„Gemeinsam an einem Strang ziehen“

Zum internationalen Tag der Menschenrechte lud die Aktion Deutschland Hilft in Kooperation mit dem Auswärtigen Amt am vergangenen Donnerstag zum Dialogforum in das historische Museum Frankfurt ein.

Wie kann Humanitäre Hilfe effektiver werden und welchen Beitrag kann die Wirtschaft dazu leisten? Wie können strategische Partnerschaften zwischen auslandsaktiven Unternehmen und humanitären Akteuren zu einer „Win-Win-Situation“ werden? Diese Fragen stand im Zentrum des Dialogforums „Unternehmen als humanitäre Akteure“.

Das Dialogforum bildet den Auftakt der Initiative „CSR humanitär“, die unter der Schirmherrschaft von Michael Brand MdB (Vorsitzender im Ausschuss für Menschenrechte und Humanitäre Hilfe) sowie Christoph Strässer MdB (Beauftragter der Bundesregierung für Menschenrechtspolitik und Humanitäre Hilfe) steht und den Austausch zwischen humanitären Akteuren und der Wirtschaft fördern will.

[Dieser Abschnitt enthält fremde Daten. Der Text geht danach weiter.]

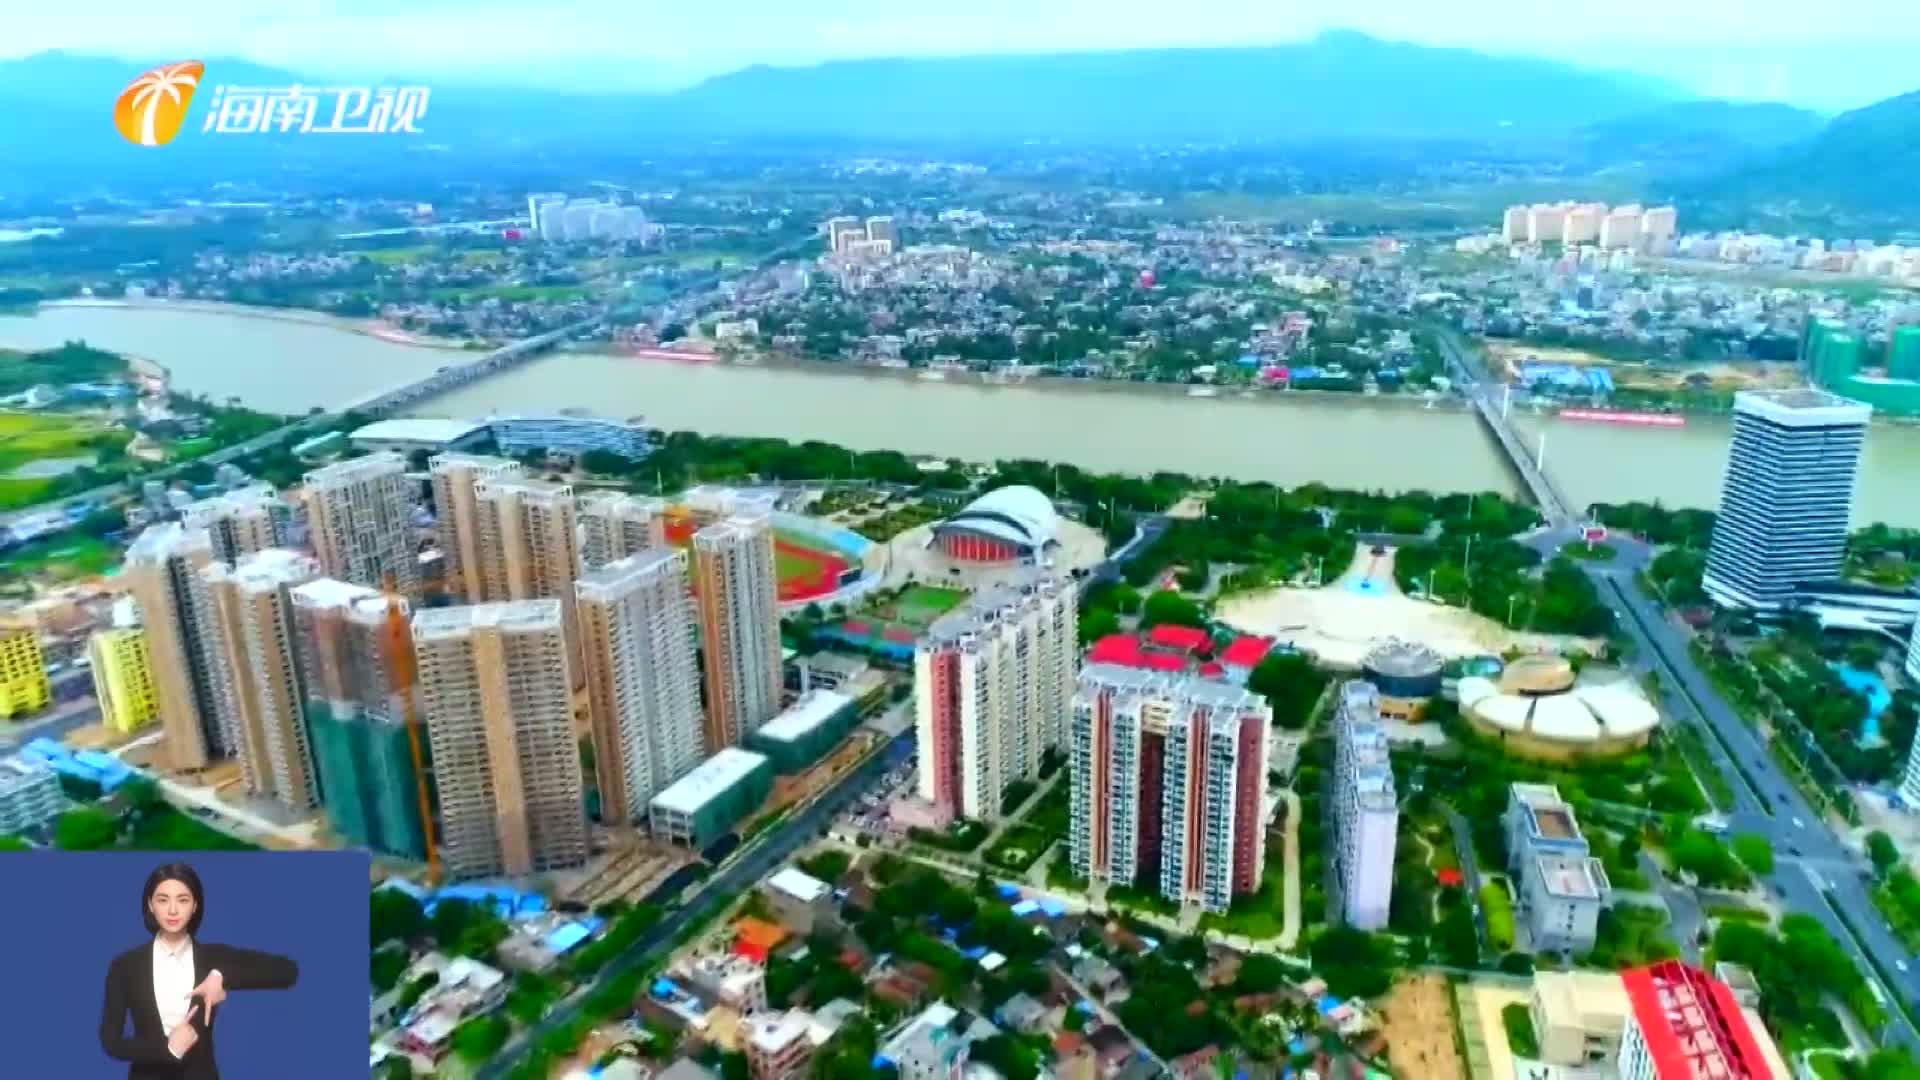 AI手语播报丨海南:今年开建3.5万套安居房  满足引进人才等住房刚需

Vertreter aus Wirtschaft, Wissenschaft und Politik kamen zusammen und auch Lufthansa Cargo war vertreten: Flugbetriebsleiter Wolfgang Raebiger erzählte von seinen Erfahrungen bei der Planung und Durchführung der Hilfsflüge nach Manila und in die Ebola Regionen in Sierra Leone. „Kern dieser Veranstaltung ist der Austausch mit den anderen Teilnehmern und das Voneinander-lernen. Nur so können wir unsere Hilfe künftig noch weiter optimieren“, betonte Raebiger.

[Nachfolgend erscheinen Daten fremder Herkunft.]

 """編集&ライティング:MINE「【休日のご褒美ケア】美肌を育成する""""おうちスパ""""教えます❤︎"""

„Bei dieser Auftaktveranstaltung haben wir einen Dialogprozess angestoßen, der mit dem heutigen Tag nicht endet“, freute sich Moderatorin Heike Leitschuh über den regen Austausch. Bereits im nächsten Jahr ist eine Anschlussveranstaltung in Berlin geplant.
Denn eines ist unumstritten: Humanitäre Hilfe wird auch in den nächsten Jahren ein wichtiges Thema bleiben. Nach einer aktuellen Prognose der Bundesregierung werden im Jahr 2016 voraussichtlich 125 Millionen Menschen  humanitäre Hilfe zum Überleben brauchen.